Re: [PATCH V7] mm, compaction: don't use ALLOC_CMA for unmovable allocations

All of lore.kernel.org
 help / color / mirror / Atom feed

From: Johannes Weiner <hannes@cmpxchg.org>
To: Ge Yang <yangge1116@126.com>
Cc: akpm@linux-foundation.org, linux-mm@kvack.org,
	linux-kernel@vger.kernel.org, stable@vger.kernel.org,
	21cnbao@gmail.com, david@redhat.com,
	baolin.wang@linux.alibaba.com, vbabka@suse.cz,
	liuzixing@hygon.cn
Subject: Re: [PATCH V7] mm, compaction: don't use ALLOC_CMA for unmovable allocations
Date: Tue, 17 Dec 2024 22:29:36 -0500	[thread overview]

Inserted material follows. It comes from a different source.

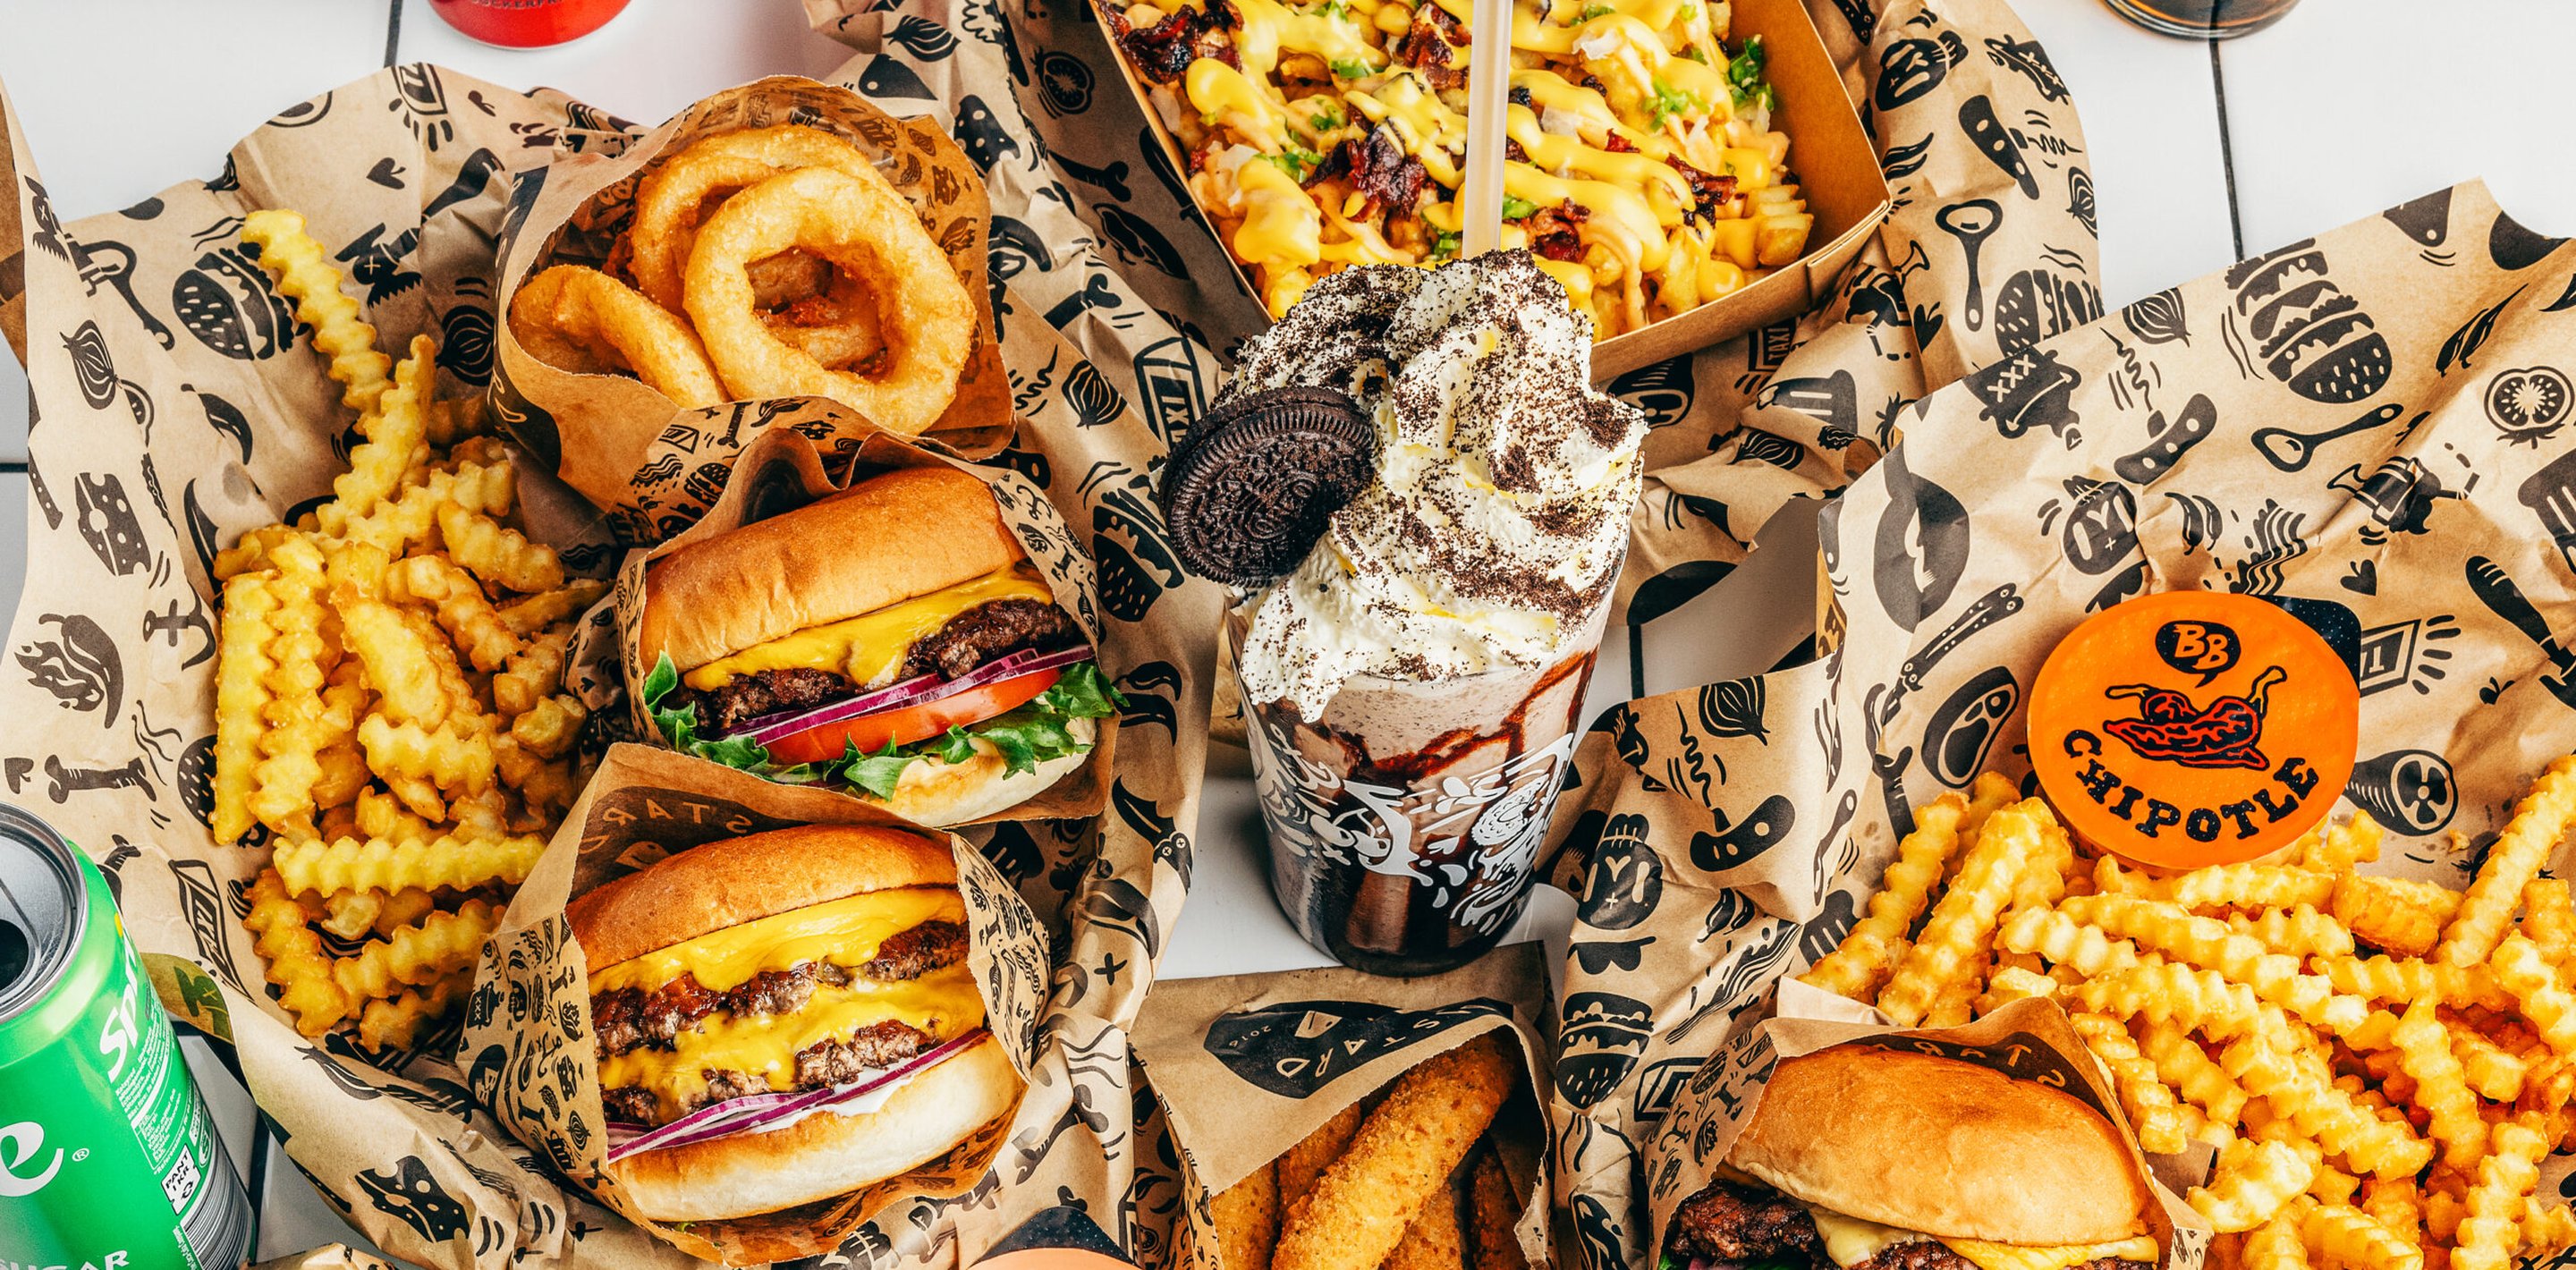 Bastard Burgers avaa ensimmäisen ravintolansa Soumessa

Message-ID: <20241218032936.GB37530@cmpxchg.org> (raw)
In-Reply-To: <93cf1aee-70df-426f-a3c0-1db8068bd59a@126.com>

On Wed, Dec 18, 2024 at 10:15:06AM +0800, Ge Yang wrote:
> 
> 
> 在 2024/12/17 23:55, Johannes Weiner 写道:
> > Hello Yangge,
> > 
> > On Tue, Dec 17, 2024 at 07:46:44PM +0800, yangge1116@126.com wrote:
> >> From: yangge <yangge1116@126.com>
> >>
> >> Since commit 984fdba6a32e ("mm, compaction: use proper alloc_flags
> >> in __compaction_suitable()") allow compaction to proceed when free
> >> pages required for compaction reside in the CMA pageblocks, it's
> >> possible that __compaction_suitable() always returns true, and in
> >> some cases, it's not acceptable.
> >>
> >> There are 4 NUMA nodes on my machine, and each NUMA node has 32GB
> >> of memory. I have configured 16GB of CMA memory on each NUMA node,
> >> and starting a 32GB virtual machine with device passthrough is
> >> extremely slow, taking almost an hour.
> >>
> >> During the start-up of the virtual machine, it will call
> >> pin_user_pages_remote(..., FOLL_LONGTERM, ...) to allocate memory.

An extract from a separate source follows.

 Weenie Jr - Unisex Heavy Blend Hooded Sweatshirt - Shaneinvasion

> >> Long term GUP cannot allocate memory from CMA area, so a maximum
> >> of 16 GB of no-CMA memory on a NUMA node can be used as virtual
> >> machine memory. Since there is 16G of free CMA memory on the NUMA
> >> node, watermark for order-0 always be met for compaction, so
> >> __compaction_suitable() always returns true, even if the node is
> >> unable to allocate non-CMA memory for the virtual machine.
> >>
> >> For costly allocations, because __compaction_suitable() always
> >> returns true, __alloc_pages_slowpath() can't exit at the appropriate
> >> place, resulting in excessively long virtual machine startup times.
> >> Call trace:
> >> __alloc_pages_slowpath
> >>      if (compact_result == COMPACT_SKIPPED ||
> >>          compact_result == COMPACT_DEFERRED)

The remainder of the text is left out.